NHL : Québec, le Nord en héritage

La saison 2020-2021 de NHL marquera l’anniversaire des 25 ans du déménagement des Nordiques de Québec à Denver, pour devenir l’Avalanche du Colorado. A cette occasion, nous revenons sur le parcours d’une franchise qui a marqué l’histoire de la ligue et dont le souvenir est encore profondément ancré dans son port d’attache, Québec, la plus francophone des villes nord-américaines.

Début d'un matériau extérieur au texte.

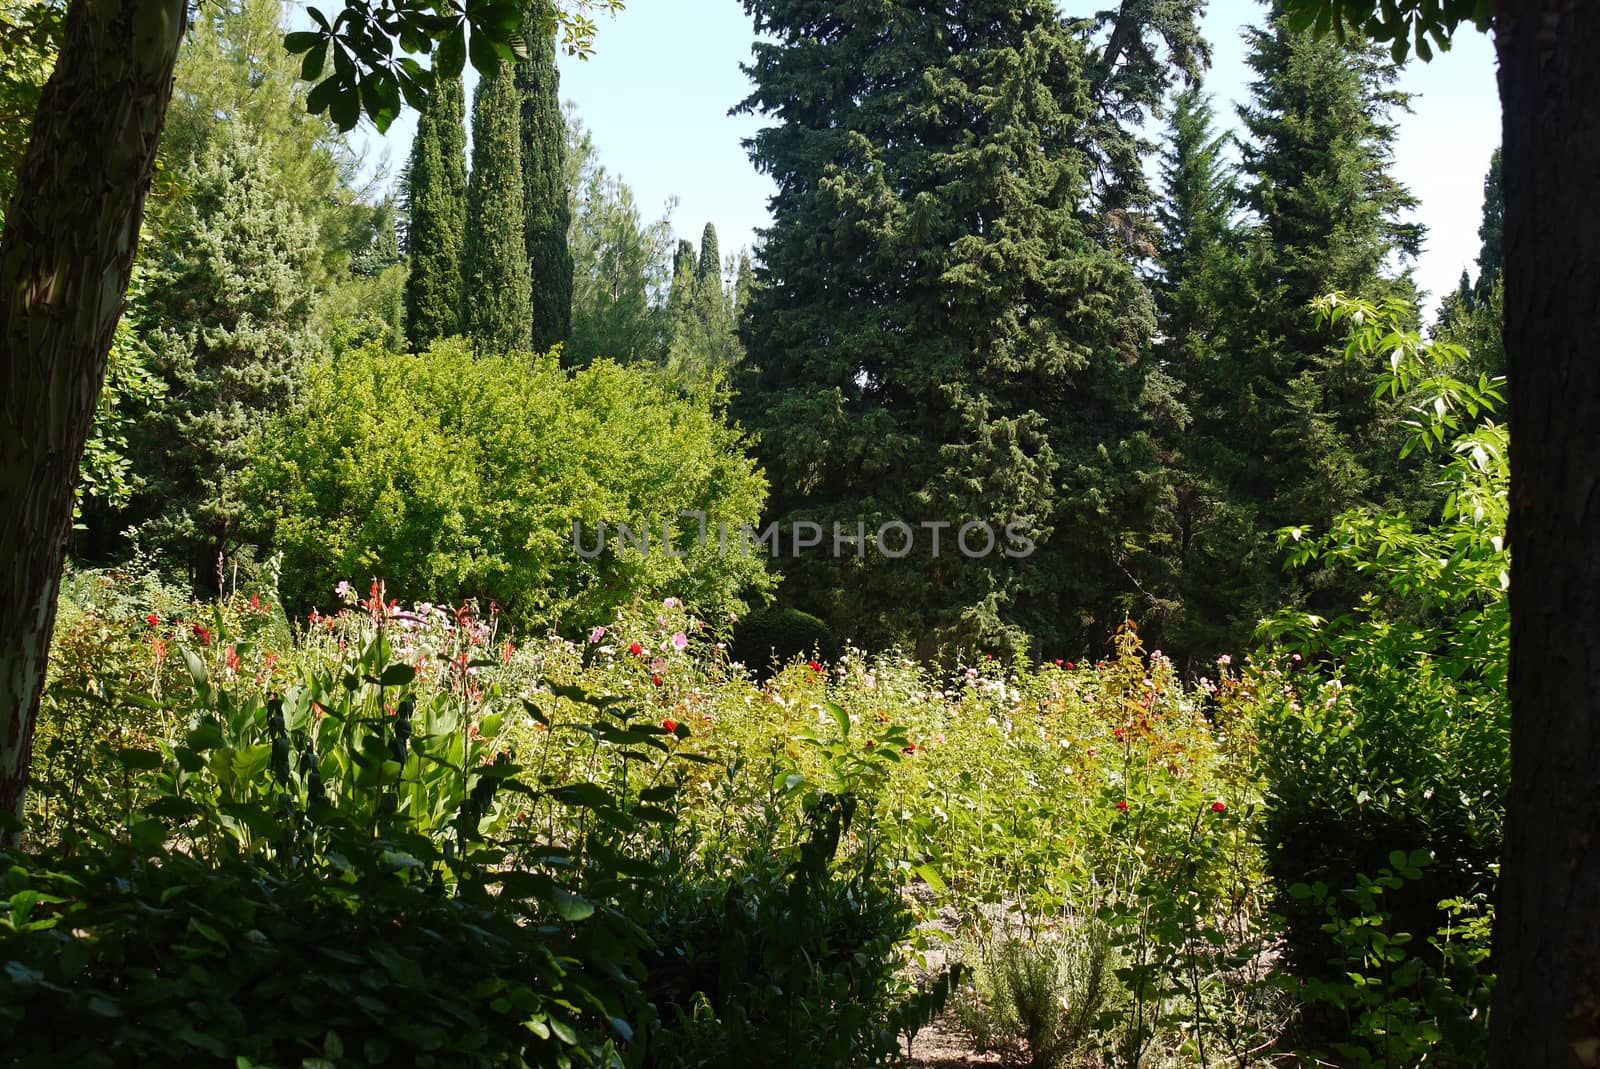 A beautiful flowerbed with high flowers growing in a park among green bushes and lush trees under the rays of a hot summer sun.

L’uniforme des Nordiques de Québec de retour en NHL la saison prochaine ? Oui… mais pas vraiment. Afin de souligner ses 25 ans d’existence, l’Avalanche du Colorado veut rendre hommage à ses racines en ressortant des cartons le vieux maillot des Nordiques. « On s’est toujours assuré de respecter l’historique de la franchise, explique Jean Martineau, vice-président aux communication de Colorado. Tous les records et statistiques des Nordiques demeurent comptabilisés dans nos guides médias. D’autres organisations ne le font pas, mais on a toujours respecté notre passé. » Si cette initiative risque de faire jaser sur les bords du Saint-Laurent, elle a le mérite de remettre sur le devant de la scène la franchise québécoise.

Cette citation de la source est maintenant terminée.